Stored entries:
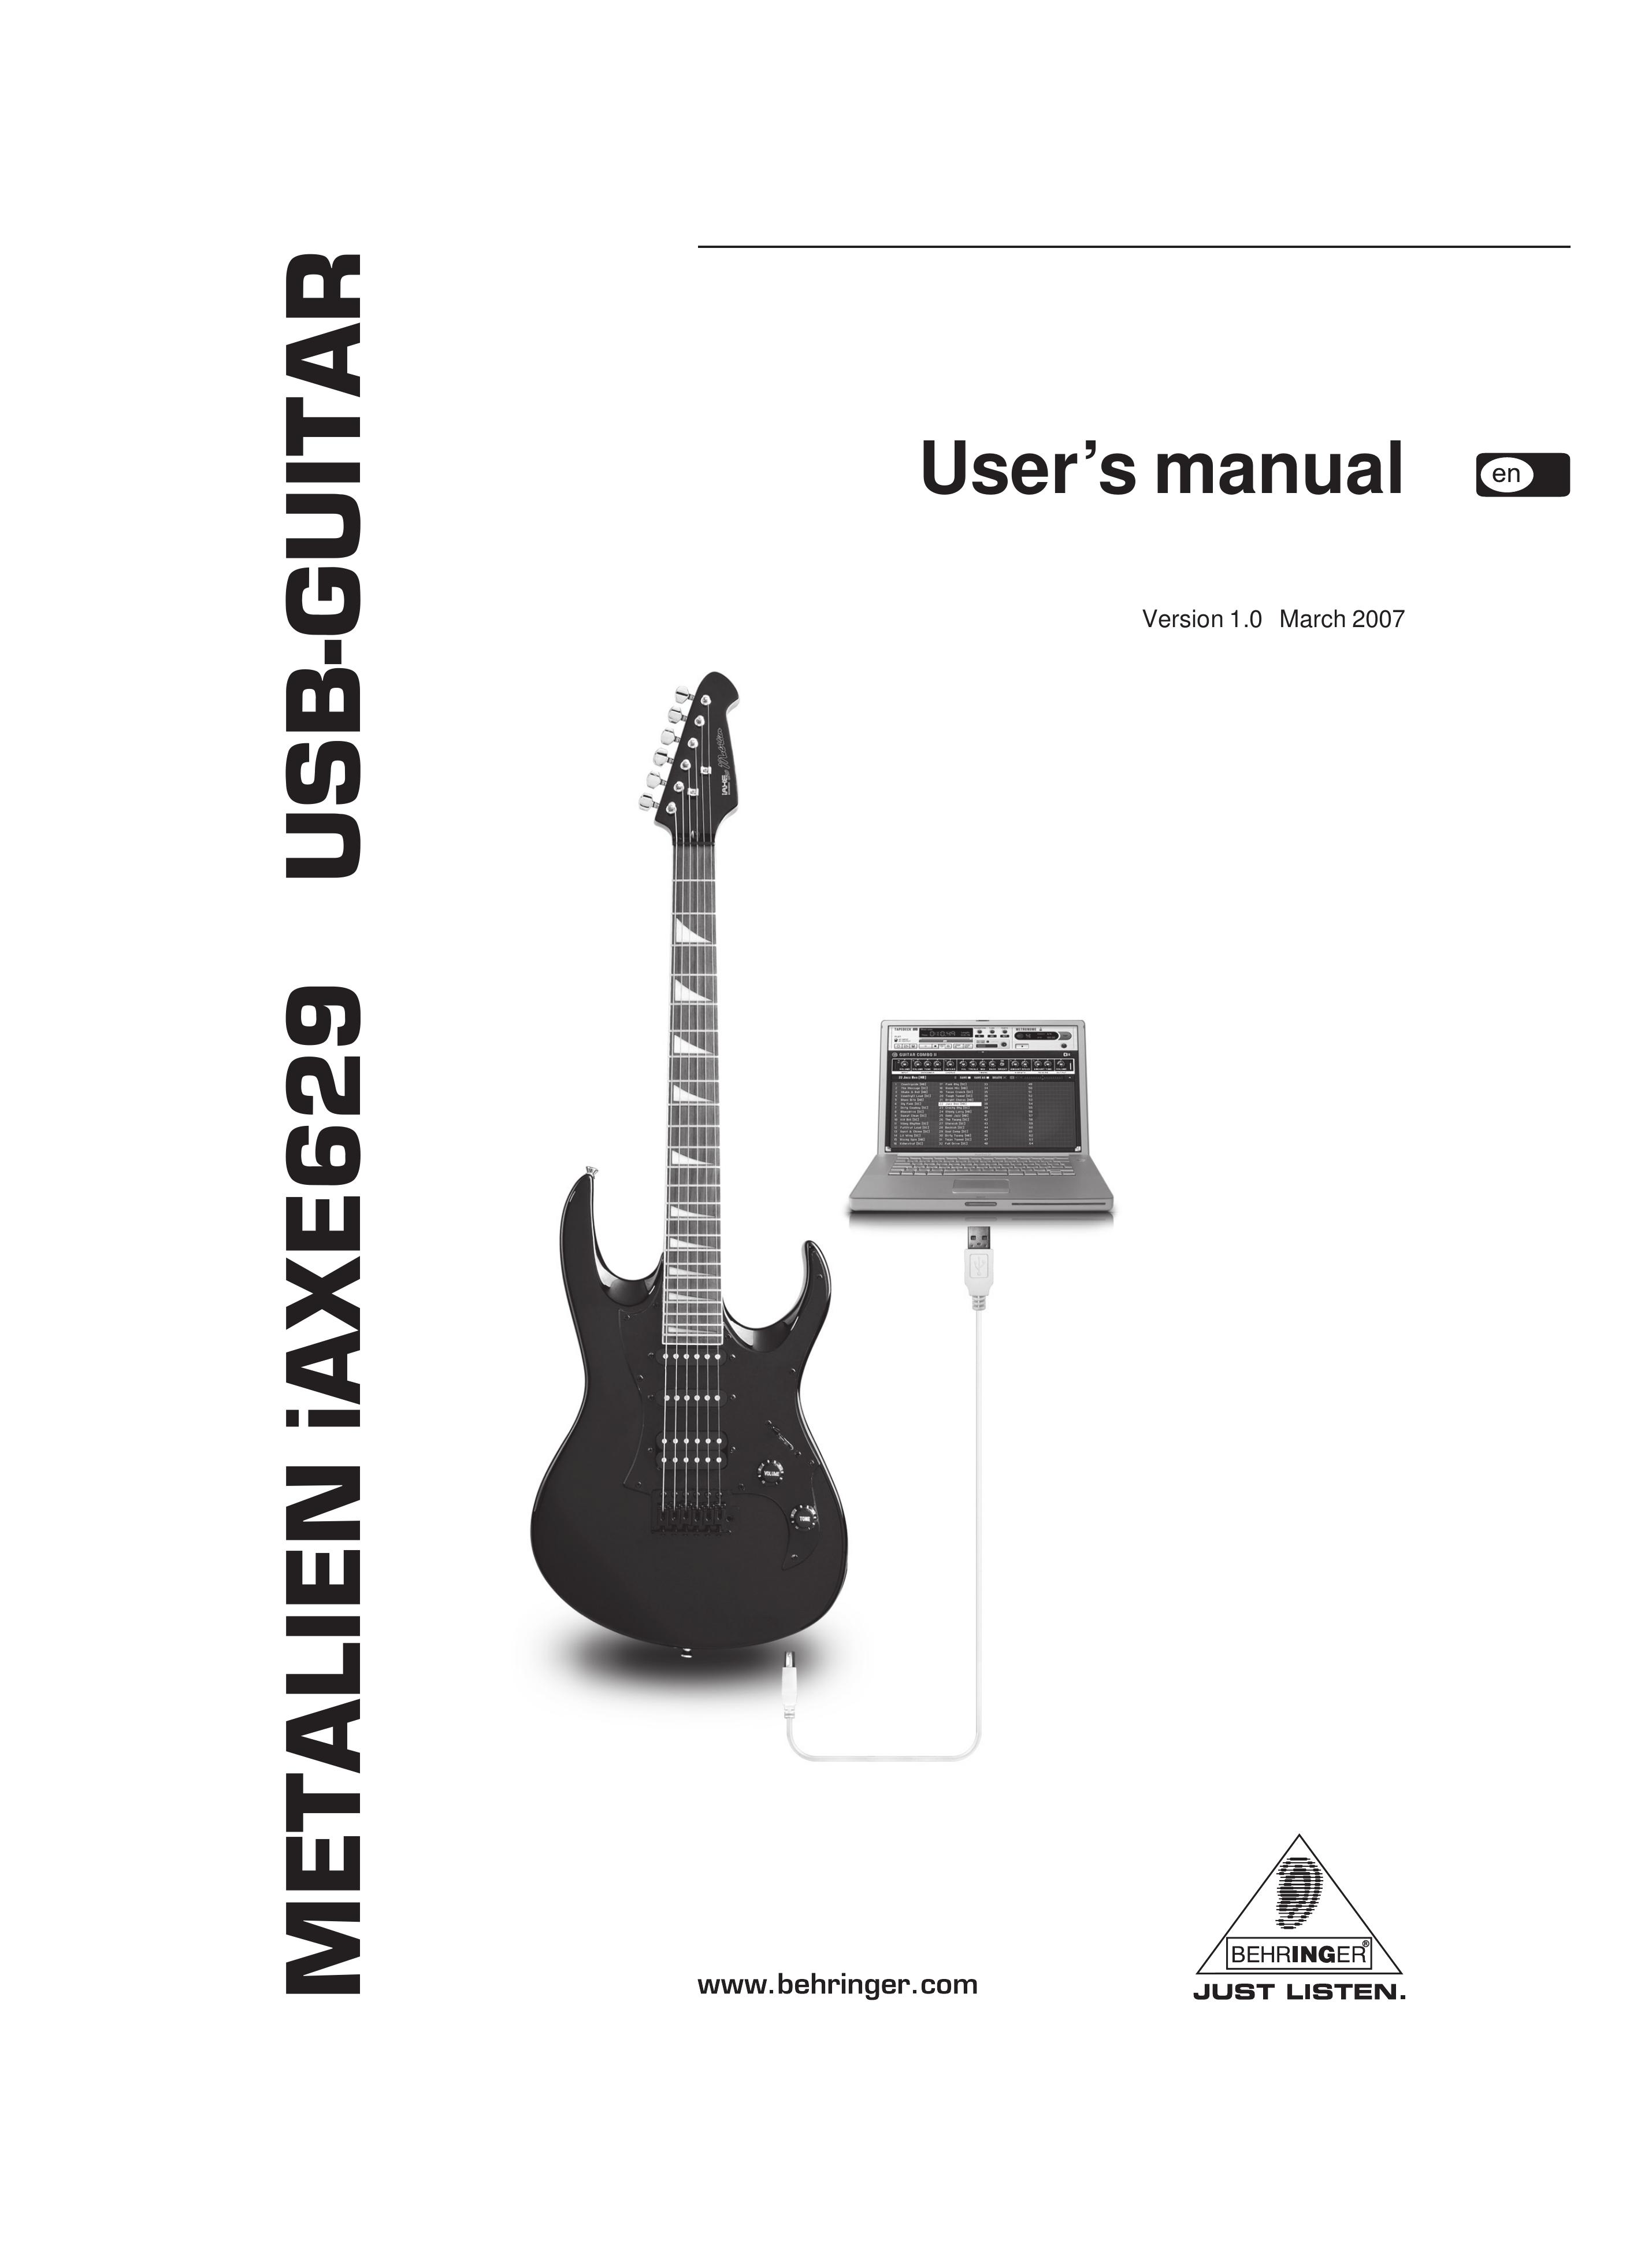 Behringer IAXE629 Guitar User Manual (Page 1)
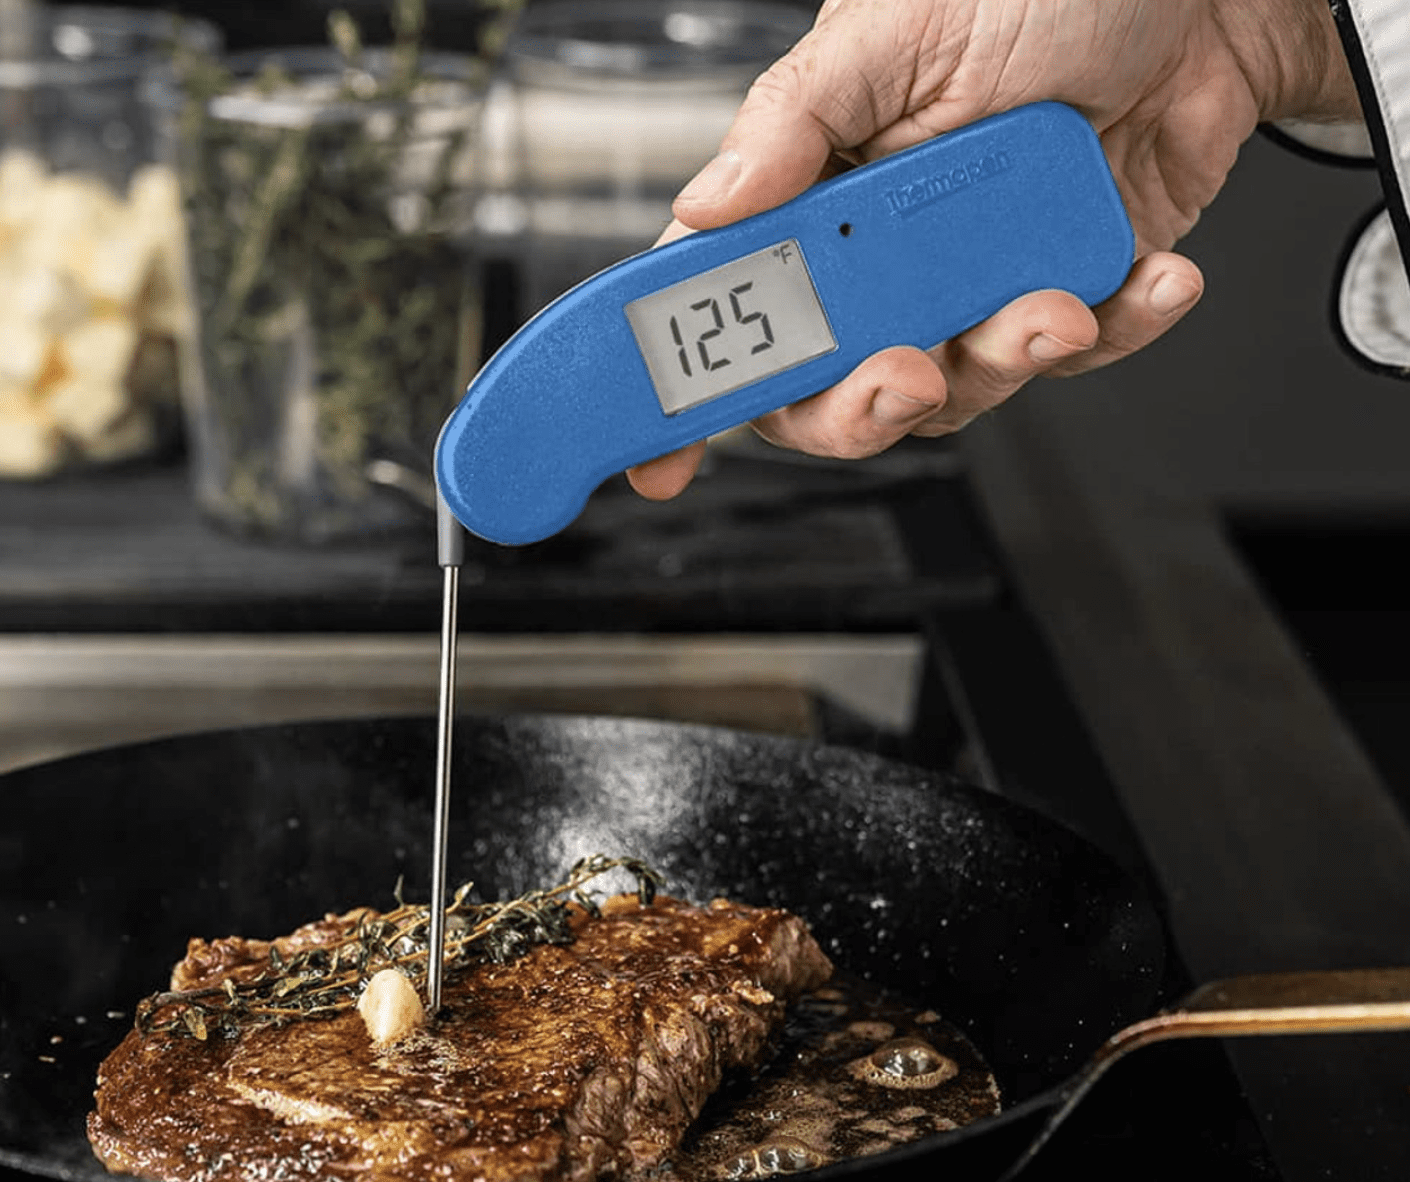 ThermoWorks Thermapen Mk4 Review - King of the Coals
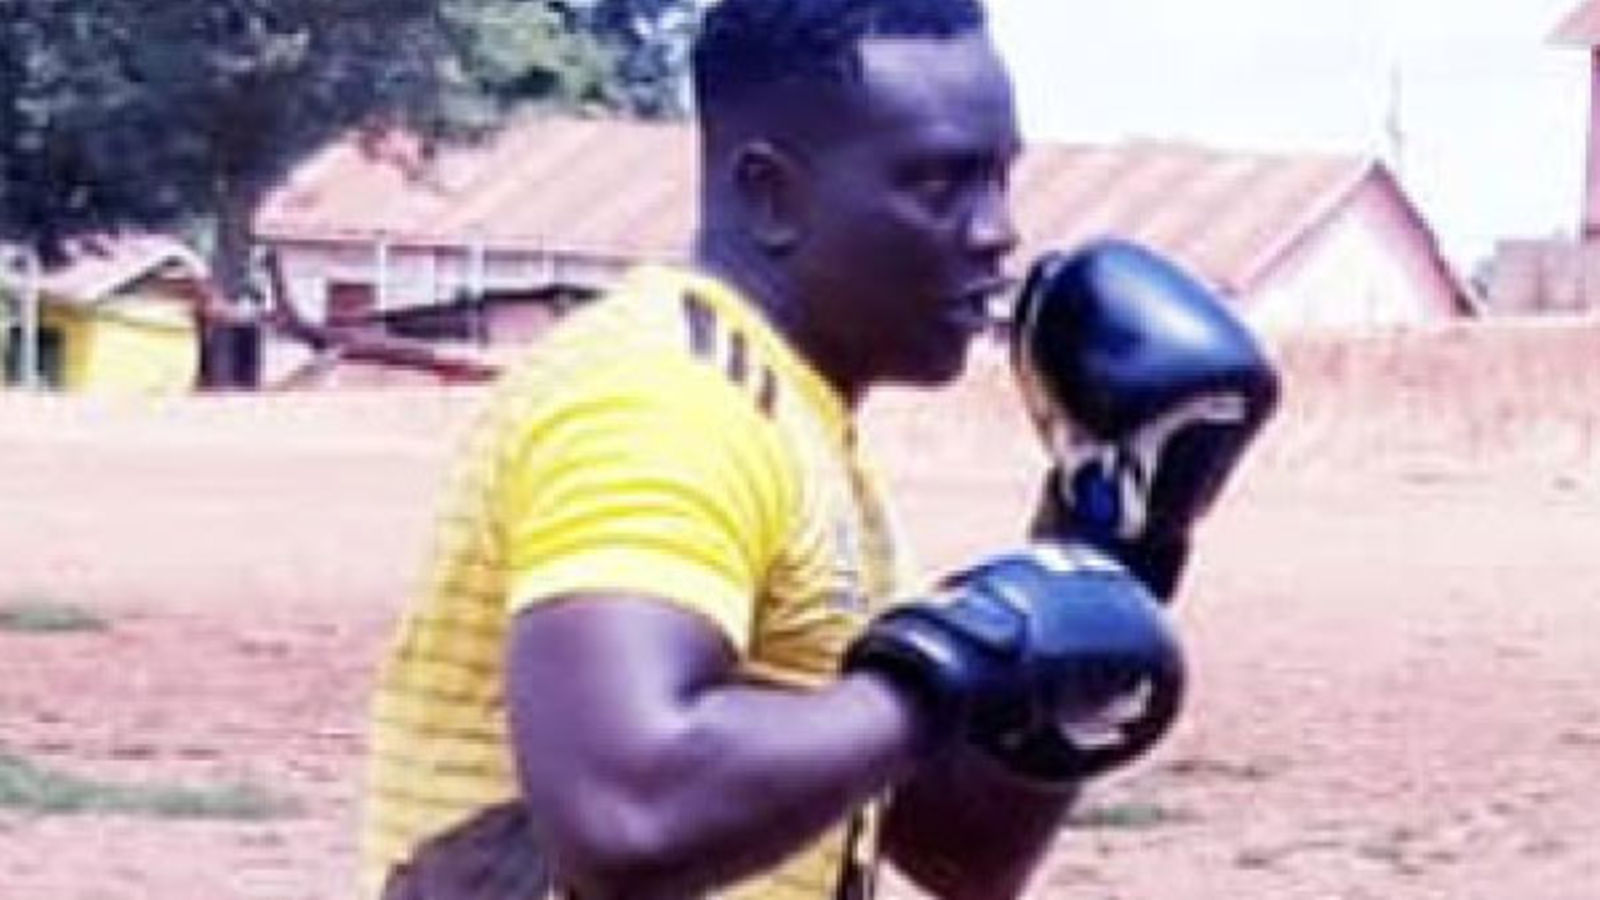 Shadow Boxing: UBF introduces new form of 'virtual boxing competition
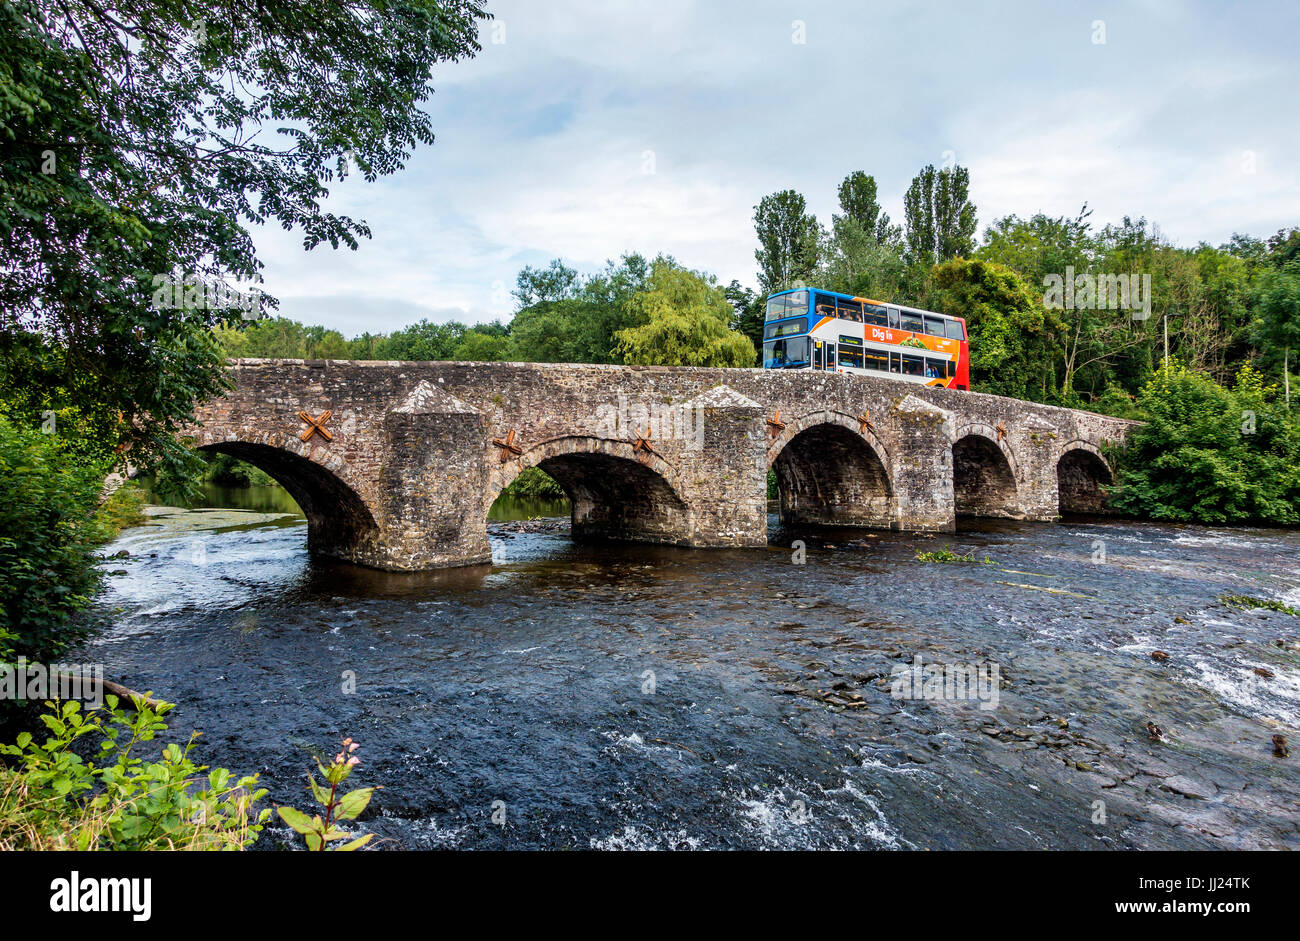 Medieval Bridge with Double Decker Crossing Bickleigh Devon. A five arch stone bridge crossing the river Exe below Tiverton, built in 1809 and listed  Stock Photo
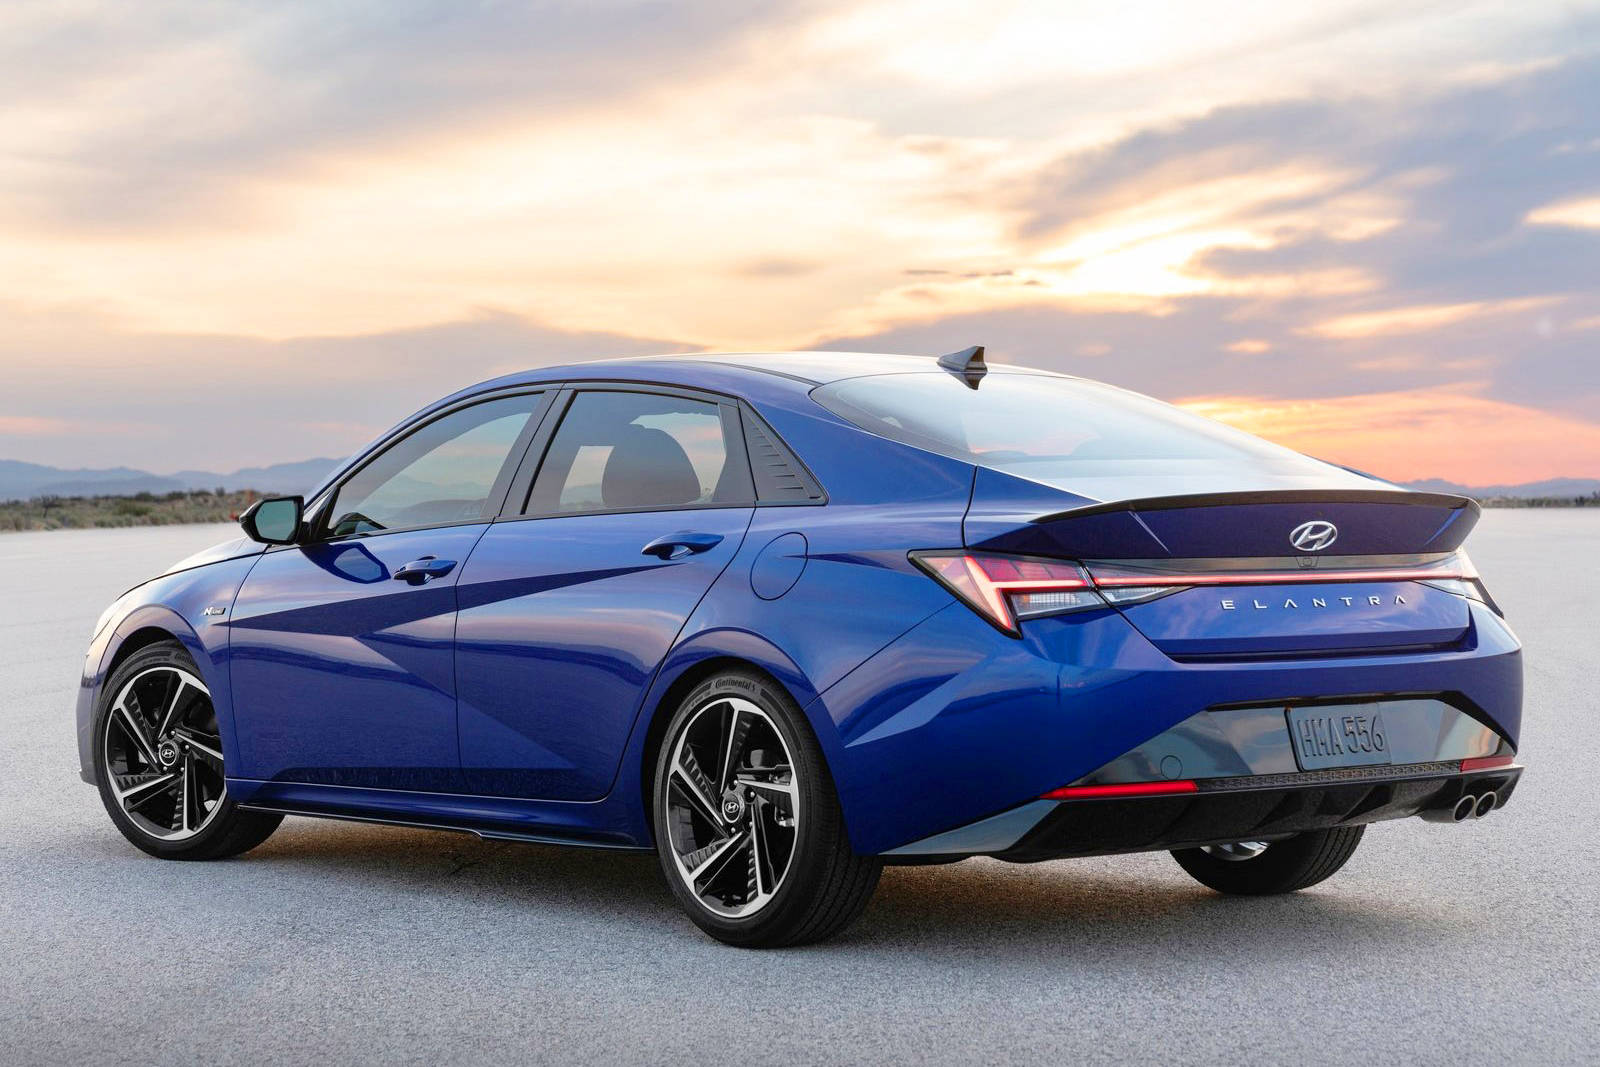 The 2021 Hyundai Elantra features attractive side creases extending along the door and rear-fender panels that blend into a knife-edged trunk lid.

■ WHAT NEEDS TO BE DONE: All that is wanted is an exact copy of the lines from the line bearing "Shadow Boxing: UBF" through the final line of the entries, including both ends but no pictures.

■ ANSWER TO THIS TASK:
 Shadow Boxing: UBF introduces new form of 'virtual boxing competition
 Medieval Bridge with Double Decker Crossing Bickleigh Devon. A five arch stone bridge crossing the river Exe below Tiverton, built in 1809 and listed  Stock Photo
 The 2021 Hyundai Elantra features attractive side creases extending along the door and rear-fender panels that blend into a knife-edged trunk lid.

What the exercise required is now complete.